■ AIM OF THE TASK: The word "Rose" occurs in some of the lines below; copy each of those lines.

■ EXERCISE DATA:
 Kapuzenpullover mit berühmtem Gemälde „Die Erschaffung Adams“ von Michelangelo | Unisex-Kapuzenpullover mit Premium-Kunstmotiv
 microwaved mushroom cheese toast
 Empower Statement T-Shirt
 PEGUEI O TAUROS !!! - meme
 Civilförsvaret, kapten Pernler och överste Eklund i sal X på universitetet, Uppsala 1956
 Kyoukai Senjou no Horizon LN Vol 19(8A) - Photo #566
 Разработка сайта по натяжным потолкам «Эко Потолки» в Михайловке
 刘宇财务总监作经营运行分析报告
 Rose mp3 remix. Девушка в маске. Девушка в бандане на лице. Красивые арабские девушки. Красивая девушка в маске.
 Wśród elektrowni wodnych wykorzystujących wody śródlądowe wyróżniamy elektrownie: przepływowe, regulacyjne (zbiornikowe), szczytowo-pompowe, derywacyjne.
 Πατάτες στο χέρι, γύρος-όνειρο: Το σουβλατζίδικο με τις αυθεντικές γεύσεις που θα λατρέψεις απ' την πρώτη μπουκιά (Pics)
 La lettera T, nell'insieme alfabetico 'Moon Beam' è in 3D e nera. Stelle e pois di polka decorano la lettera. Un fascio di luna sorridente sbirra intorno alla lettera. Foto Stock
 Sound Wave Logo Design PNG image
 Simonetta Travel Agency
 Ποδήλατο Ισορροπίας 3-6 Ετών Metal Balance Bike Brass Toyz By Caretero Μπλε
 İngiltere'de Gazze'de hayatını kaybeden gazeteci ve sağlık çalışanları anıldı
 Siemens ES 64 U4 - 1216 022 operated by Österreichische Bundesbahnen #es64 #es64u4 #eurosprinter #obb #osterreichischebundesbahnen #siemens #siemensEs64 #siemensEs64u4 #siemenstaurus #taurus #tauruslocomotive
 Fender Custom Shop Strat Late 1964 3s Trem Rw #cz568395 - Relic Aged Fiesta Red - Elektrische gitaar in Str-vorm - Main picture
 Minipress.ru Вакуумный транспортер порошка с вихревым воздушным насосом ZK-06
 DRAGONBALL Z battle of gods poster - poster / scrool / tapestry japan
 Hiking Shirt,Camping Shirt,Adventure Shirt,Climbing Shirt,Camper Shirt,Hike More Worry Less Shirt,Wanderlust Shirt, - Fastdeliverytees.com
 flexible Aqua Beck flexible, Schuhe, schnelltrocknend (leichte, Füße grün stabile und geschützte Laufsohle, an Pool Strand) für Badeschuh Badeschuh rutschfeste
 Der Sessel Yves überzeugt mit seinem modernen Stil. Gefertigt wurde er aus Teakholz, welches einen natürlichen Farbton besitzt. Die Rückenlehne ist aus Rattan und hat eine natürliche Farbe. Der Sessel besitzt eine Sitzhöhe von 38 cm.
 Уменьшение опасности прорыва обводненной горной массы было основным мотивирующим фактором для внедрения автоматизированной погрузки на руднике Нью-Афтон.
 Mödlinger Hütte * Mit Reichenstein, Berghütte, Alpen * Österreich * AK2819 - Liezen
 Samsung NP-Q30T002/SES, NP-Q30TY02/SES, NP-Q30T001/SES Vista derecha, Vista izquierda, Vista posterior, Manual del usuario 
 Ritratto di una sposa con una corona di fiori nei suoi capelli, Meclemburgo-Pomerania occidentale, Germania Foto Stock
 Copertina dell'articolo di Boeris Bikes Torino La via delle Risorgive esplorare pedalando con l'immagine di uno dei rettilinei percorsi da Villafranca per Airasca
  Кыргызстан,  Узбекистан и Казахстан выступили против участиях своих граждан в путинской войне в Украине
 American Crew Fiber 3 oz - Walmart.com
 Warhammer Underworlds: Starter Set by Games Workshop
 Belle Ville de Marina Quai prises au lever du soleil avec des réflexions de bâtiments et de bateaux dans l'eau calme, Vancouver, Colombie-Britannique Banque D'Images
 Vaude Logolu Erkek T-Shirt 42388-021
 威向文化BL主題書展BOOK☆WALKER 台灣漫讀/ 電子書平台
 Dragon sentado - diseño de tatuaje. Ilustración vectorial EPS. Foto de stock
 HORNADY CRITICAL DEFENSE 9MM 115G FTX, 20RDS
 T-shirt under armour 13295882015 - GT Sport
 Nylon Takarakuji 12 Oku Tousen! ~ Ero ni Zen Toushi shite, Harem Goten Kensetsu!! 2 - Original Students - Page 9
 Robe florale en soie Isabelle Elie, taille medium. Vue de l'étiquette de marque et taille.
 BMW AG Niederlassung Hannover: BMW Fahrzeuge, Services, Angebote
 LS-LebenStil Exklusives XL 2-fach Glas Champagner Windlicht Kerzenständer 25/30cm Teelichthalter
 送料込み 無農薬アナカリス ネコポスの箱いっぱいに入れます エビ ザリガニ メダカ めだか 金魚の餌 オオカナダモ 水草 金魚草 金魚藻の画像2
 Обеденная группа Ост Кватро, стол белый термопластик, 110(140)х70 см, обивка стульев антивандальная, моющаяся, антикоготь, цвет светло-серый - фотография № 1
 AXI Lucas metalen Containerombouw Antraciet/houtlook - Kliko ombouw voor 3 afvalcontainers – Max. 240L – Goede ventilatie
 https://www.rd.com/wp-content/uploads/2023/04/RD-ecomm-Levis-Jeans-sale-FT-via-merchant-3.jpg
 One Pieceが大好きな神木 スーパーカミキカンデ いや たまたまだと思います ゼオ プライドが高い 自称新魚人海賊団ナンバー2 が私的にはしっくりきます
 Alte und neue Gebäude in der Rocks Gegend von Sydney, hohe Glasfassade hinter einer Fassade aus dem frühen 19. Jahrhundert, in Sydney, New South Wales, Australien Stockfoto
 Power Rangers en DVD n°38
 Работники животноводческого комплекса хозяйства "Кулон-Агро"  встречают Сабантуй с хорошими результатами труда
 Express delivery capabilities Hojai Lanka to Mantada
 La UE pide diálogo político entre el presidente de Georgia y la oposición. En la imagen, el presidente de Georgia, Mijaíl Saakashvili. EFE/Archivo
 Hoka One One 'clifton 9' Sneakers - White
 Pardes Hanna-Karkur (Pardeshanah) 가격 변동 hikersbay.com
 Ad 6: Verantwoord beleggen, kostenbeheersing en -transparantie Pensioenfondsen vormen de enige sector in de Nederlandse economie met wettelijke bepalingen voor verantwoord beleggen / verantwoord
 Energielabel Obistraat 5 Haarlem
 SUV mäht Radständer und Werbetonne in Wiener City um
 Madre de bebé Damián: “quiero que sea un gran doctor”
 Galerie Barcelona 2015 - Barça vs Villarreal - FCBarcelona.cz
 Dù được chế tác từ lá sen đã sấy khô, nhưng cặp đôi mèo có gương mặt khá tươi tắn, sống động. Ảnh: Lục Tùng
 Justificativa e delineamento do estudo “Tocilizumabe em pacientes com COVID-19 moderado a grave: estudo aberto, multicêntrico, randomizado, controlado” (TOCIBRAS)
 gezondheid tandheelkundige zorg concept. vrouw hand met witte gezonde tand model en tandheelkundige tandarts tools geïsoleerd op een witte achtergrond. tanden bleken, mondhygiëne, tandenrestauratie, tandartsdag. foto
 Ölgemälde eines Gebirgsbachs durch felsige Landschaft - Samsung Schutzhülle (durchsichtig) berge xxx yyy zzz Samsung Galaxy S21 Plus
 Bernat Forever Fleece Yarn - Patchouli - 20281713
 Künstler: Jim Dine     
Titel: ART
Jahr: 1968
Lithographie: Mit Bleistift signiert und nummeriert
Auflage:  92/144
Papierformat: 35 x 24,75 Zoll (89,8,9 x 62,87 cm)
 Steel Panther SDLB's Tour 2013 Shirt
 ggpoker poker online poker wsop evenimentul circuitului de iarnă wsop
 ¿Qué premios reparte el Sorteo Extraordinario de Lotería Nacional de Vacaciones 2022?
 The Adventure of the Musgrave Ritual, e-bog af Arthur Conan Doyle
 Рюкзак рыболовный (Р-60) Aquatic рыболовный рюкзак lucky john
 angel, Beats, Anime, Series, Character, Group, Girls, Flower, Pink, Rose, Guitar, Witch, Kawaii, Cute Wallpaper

■ PROBLEM SOLUTION:
 Rose mp3 remix. Девушка в маске. Девушка в бандане на лице. Красивые арабские девушки. Красивая девушка в маске.
 angel, Beats, Anime, Series, Character, Group, Girls, Flower, Pink, Rose, Guitar, Witch, Kawaii, Cute Wallpaper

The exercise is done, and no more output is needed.